**Disclaimer: I love acrostics, and there were 8 questions asked for the “About Me” section, and there are 8 letters in my name. . .you can figure out the rest.**
Been on this earth for 22 years, and I’ve spent the past few years going between university and part time jobs. I’ve just been trying to figure out what steps to take next and what direction God wants me to go.
Rarely in trouble and often spoiled, I am the youngest of four, and the proud aunt of 9 growing munchkins ages 3-13. My daddy is a retired Marine, so we grew up in several states until we settled down in good ol’ Texas. My mama is lovely, and I’ve been her little shadow for most of my life. My oldest sister is 29, and the proud mother of 7. She’s one of the hardest working women I know, and watching her raise her lovelies is amazing. My second oldest sister is 27 with 2 kiddos of her own. She’s currently serving overseas with the US Army. She’s the most glamorous soldier I’ve ever met, and she’s more determined than most. Her strength and beauty remind me of one of the wonderful attributes of the Proverbs 31 woman. “She is clothed is strength an dignity, and she laughs without fear of the future” (Proverbs 31:25). My broseph is 23 years young and in the Army Reserves. No matter how opposite we are, he was my buddy when we were kids, and I know he will always and forever have my back.
I am a disciple. . .At least that’s what a t-shirt I got at the Youth Specialties National Youth Workers Convention. It came from the booth of an organization that was bringing systematic theology to youth ministry. That ministry spoke to my heart more than any other during that week. I have a huge heart for youth ministry, but I am convinced that we can go deeper with them. Spending time investing in their daily lives and teaching them the hard and true depths of the Word of God is the key to discipleship. Sometimes I feel like we simply are trying to figure out how to entertain them at the expense of the true depth of the Gospel.
Teaching, learning, singing, leading worship, cooking, baking, spending time with people. . .all good things, all good things. If you ask any of my friends, I am the walking definition of an extrovert. I thrive in groups of people, and even when I’m tired or down, I seem to come alive when I get in groups. However, if you ask my mother, all I want to do is sit and be away from people, so I can watch Netflix in peace. I think with my heart more often than not, and follow my gut for the most part. That comes with its drawbacks though. Sometimes I doubt my heart and my instincts, and I end up in these random tailspins trying to overthink things.

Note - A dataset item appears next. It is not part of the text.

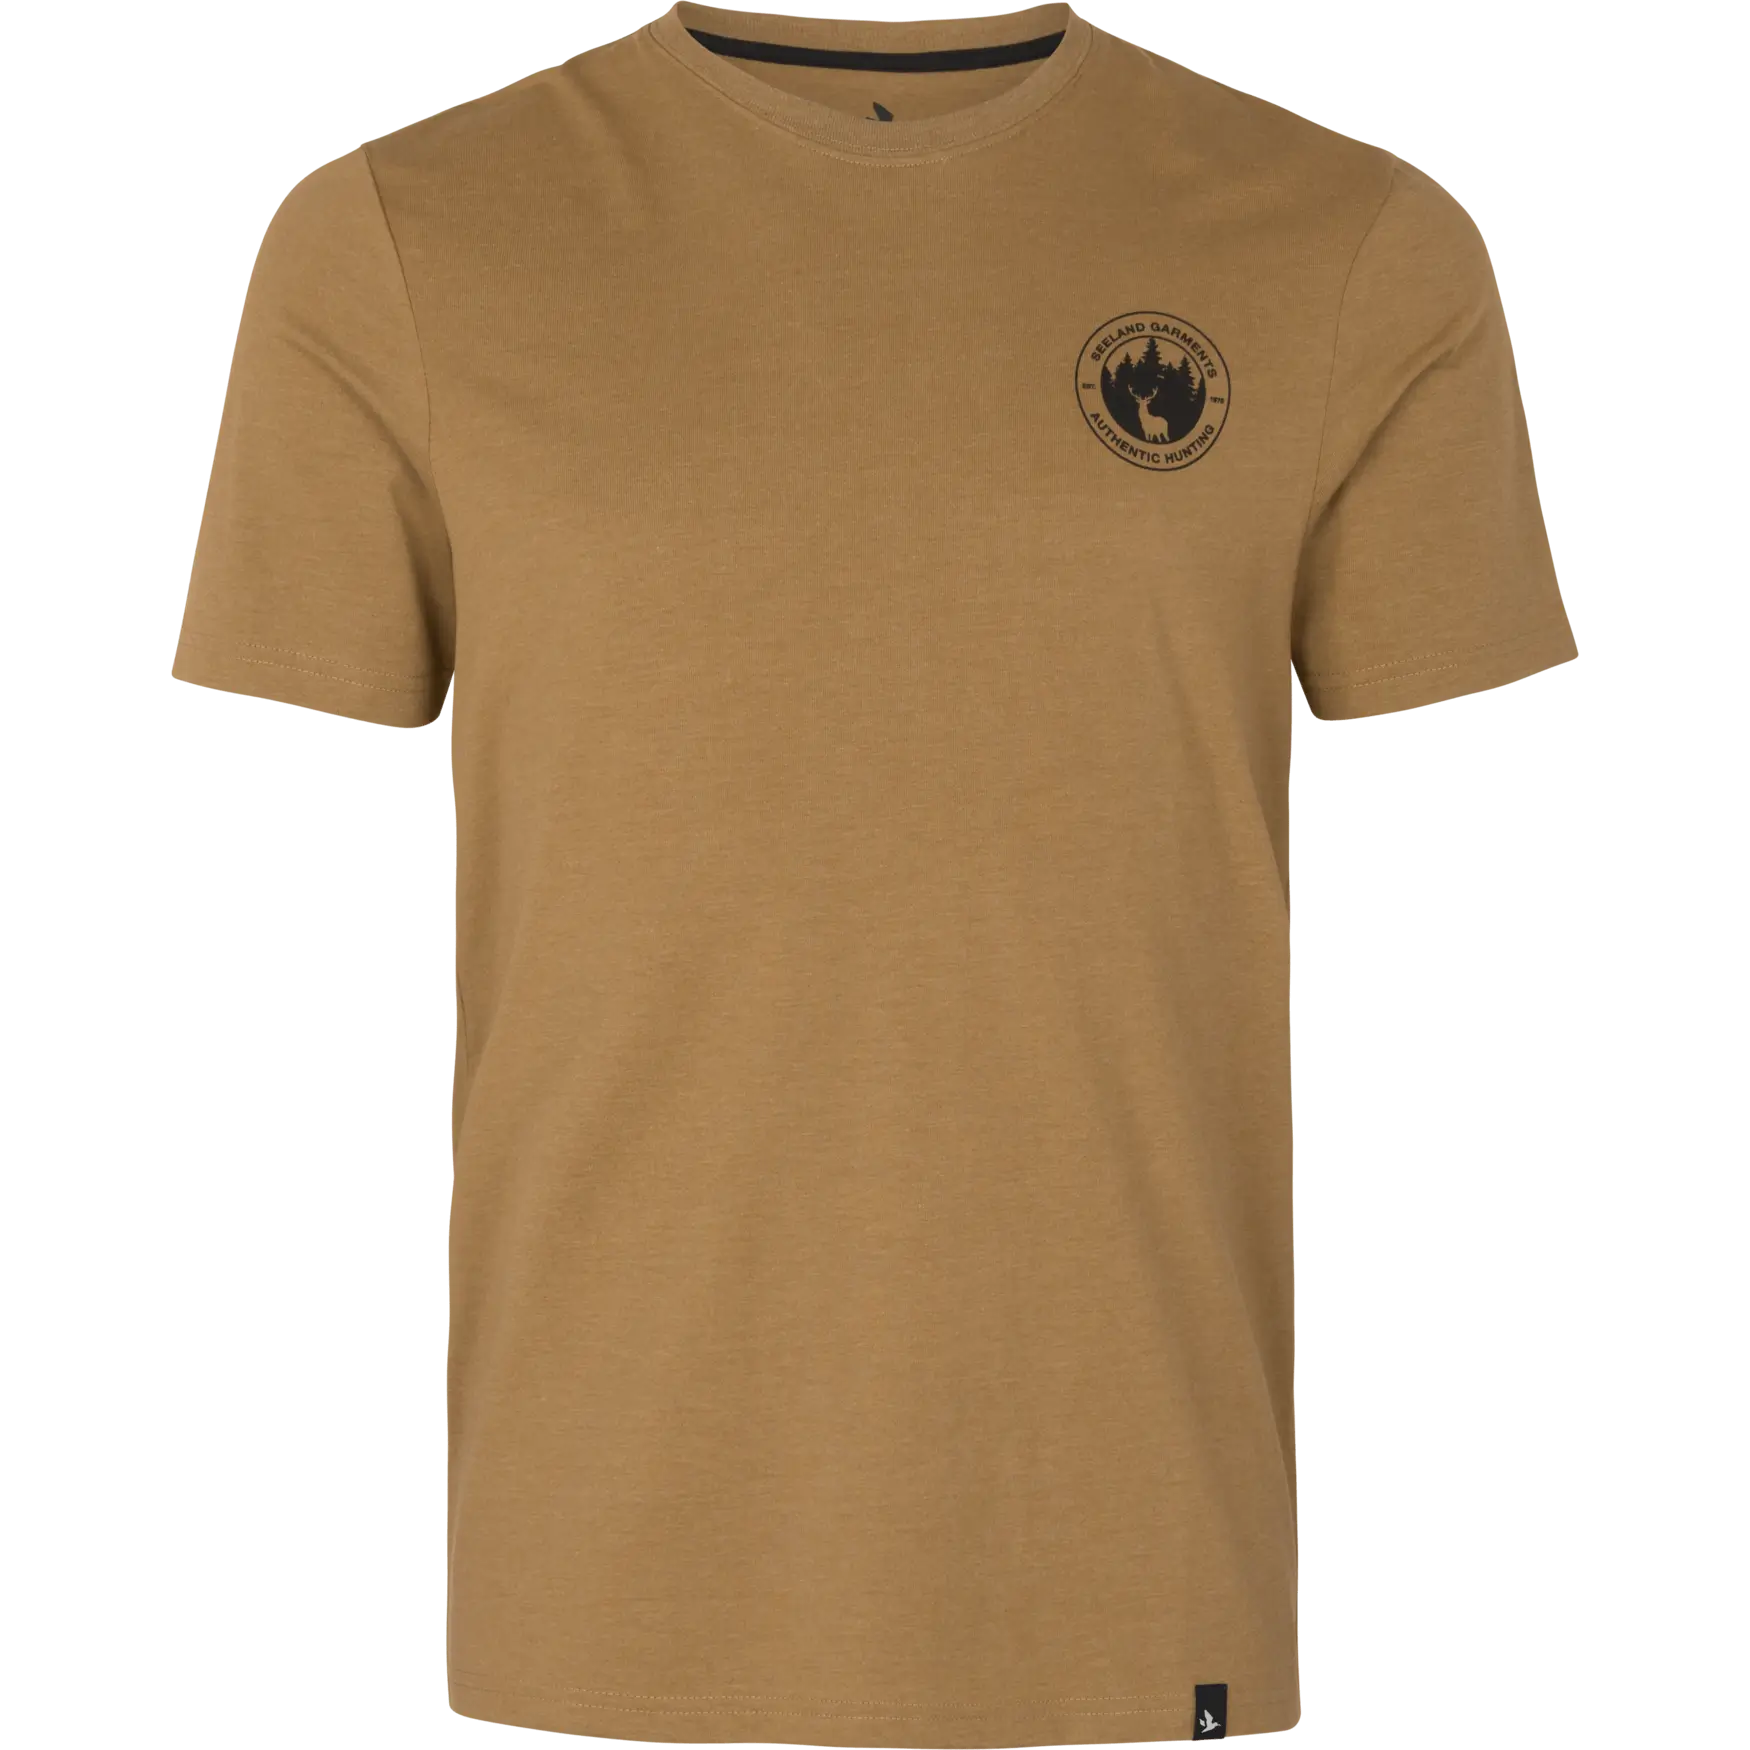 Seeland Saker Shirt in braun mit Frontprint

Trial and Error: the summation of my spiritual journey. I grew up in church, so I’ve been trying to figure out this “Jesus” thing. It wasn’t until the death of my grandmother that things finally started clicking. Just a few months after her home-going, I fully committed my life to Christ and accepted my call to ministry. My youth pastor at the time was phenomenal. Words cannot describe how much that man influenced me. He had all the spunk in the world with a heart fixed on Jesus. He and his wife truly invested our lives and went beyond the “entertainment” aspect of youth ministry. I graduated from high school the next year at the age of 16, so the majority of my spiritual journey was spent at a university studying ministry and doing life with a bunch of millennials in love with Jesus. Yes, college had it’s ups and downs, but I wouldn’t trade that experience for the world. Honestly, I could type/talk for days about how much growth I’ve had on this journey, and as I type I feel my heart swelling with all of the love and joy and peace and encouragement and pure investment that has been poured upon me. There were so many bumps and hiccups getting to where I am today, and I am eternally grateful to everyone who has been a part of my journey.
Anxiety has this crazy way of creeping into my life and taking over. The constant chanting of Philippians 4:6-7 has been and forever will be how I get through my darkest moments. I’m a really chill “go with the flow” kind of person, but sometimes, I get into my head, and it begins to consume me. Sometimes, I get it in my head that I’m not doing enough, so I get to planning and re-planning and re-planning until all that’s left is torn up scratch paper and my spinning brain. I don’t like being out of control or not knowing what’s going on, so having some sort of a plan provides me comfort. I constantly have to tell myself that I am not in control and that God is handling everything. My hope is that during the World Race, I learn to let go and let God be God. I want to learn to cling to the peace that God brings instead of the worries and anxieties that I too readily hold on to.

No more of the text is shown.